Department of Biomedical Informatics, School of Medicine, Ajou University, Suwon, Gyeonggi-do, Republic of Korea.
Department of Brain Science, School of Medicine, Ajou University, Suwon, Gyeonggi-do, Republic of Korea.
JMIR Mhealth Uhealth. 2020 Jul 23;8(7):e16113. doi: 10.2196/16113.
Data collected by an actigraphy device worn on the wrist or waist can provide objective measurements for studies related to physical activity; however, some data may contain intervals where values are missing. In previous studies, statistical methods have been applied to impute missing values on the basis of statistical assumptions. Deep learning algorithms, however, can learn features from the data without any such assumptions and may outperform previous approaches in imputation tasks.
The aim of this study was to impute missing values in data using a deep learning approach.
To develop an imputation model for missing values in accelerometer-based actigraphy data, a denoising convolutional autoencoder was adopted. We trained and tested our deep learning-based imputation model with the National Health and Nutrition Examination Survey data set and validated it with the external Korea National Health and Nutrition Examination Survey and the Korean Chronic Cerebrovascular Disease Oriented Biobank data sets which consist of daily records measuring activity counts. The partial root mean square error and partial mean absolute error of the imputed intervals (partial RMSE and partial MAE, respectively) were calculated using our deep learning-based imputation model (zero-inflated denoising convolutional autoencoder) as well as using other approaches (mean imputation, zero-inflated Poisson regression, and Bayesian regression).
The zero-inflated denoising convolutional autoencoder exhibited a partial RMSE of 839.3 counts and partial MAE of 431.1 counts, whereas mean imputation achieved a partial RMSE of 1053.2 counts and partial MAE of 545.4 counts, the zero-inflated Poisson regression model achieved a partial RMSE of 1255.6 counts and partial MAE of 508.6 counts, and Bayesian regression achieved a partial RMSE of 924.5 counts and partial MAE of 605.8 counts.

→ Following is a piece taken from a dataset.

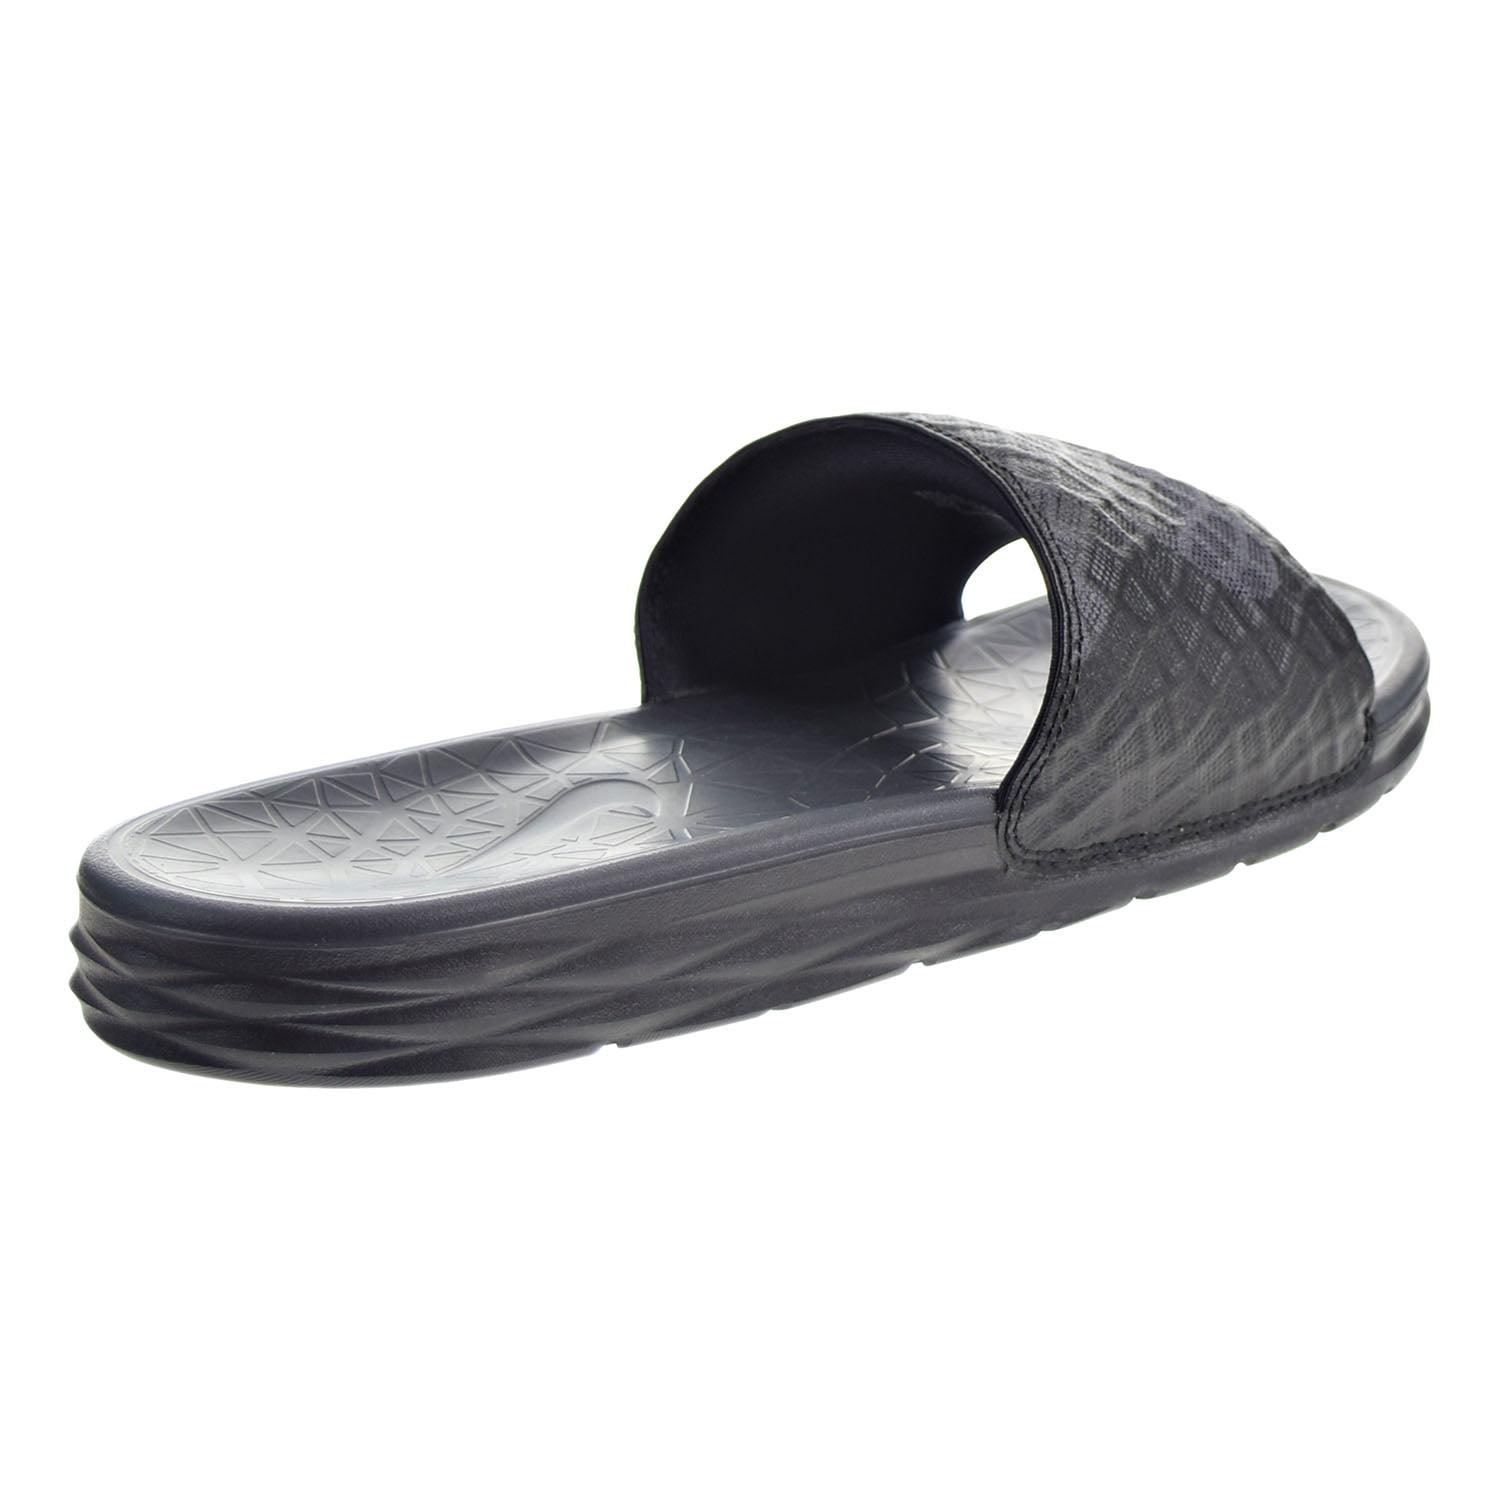 Mutuo Regenerador Dirigir Nike Men's Benassi Solarsoft Sandals Black 705474-091 (7 D(M) US) -  Walmart.com

Our deep learning-based imputation model performed better than the other methods when imputing missing values in actigraphy data.
佩戴在手腕或腰部的活动记录仪收集的数据可提供与身体活动相关研究的客观测量值;然而,部分数据可能包含缺失值的区间。在之前的研究中,统计方法已被应用于基于统计假设来插补缺失值。然而,深度学习算法可以从数据中学习特征,而无需任何此类假设,并且在插补任务中可能优于之前的方法。
本研究旨在使用深度学习方法插补活动记录仪数据中的缺失值。
为了开发基于加速度计的活动记录仪数据中缺失值的插补模型,采用了去噪卷积自动编码器。我们使用国家健康和营养检查调查数据集训练和测试我们的基于深度学习的插补模型,并使用外部韩国国家健康和营养检查调查以及韩国慢性脑血管疾病定向生物库数据集进行验证,这些数据集包含测量活动计数的日常记录。使用我们的基于深度学习的插补模型(零膨胀去噪卷积自动编码器)以及其他方法(均值插补、零膨胀泊松回归和贝叶斯回归)计算插补区间的部分均方根误差和部分平均绝对误差(部分 RMSE 和部分 MAE)。
零膨胀去噪卷积自动编码器的部分 RMSE 为 839.3 计数,部分 MAE 为 431.1 计数,而均值插补的部分 RMSE 为 1053.2 计数,部分 MAE 为 545.4 计数,零膨胀泊松回归模型的部分 RMSE 为 1255.6 计数,部分 MAE 为 508.6 计数,贝叶斯回归的部分 RMSE 为 924.5 计数,部分 MAE 为 605.8 计数。
在插补活动记录仪数据中的缺失值时,我们的基于深度学习的插补模型的性能优于其他方法。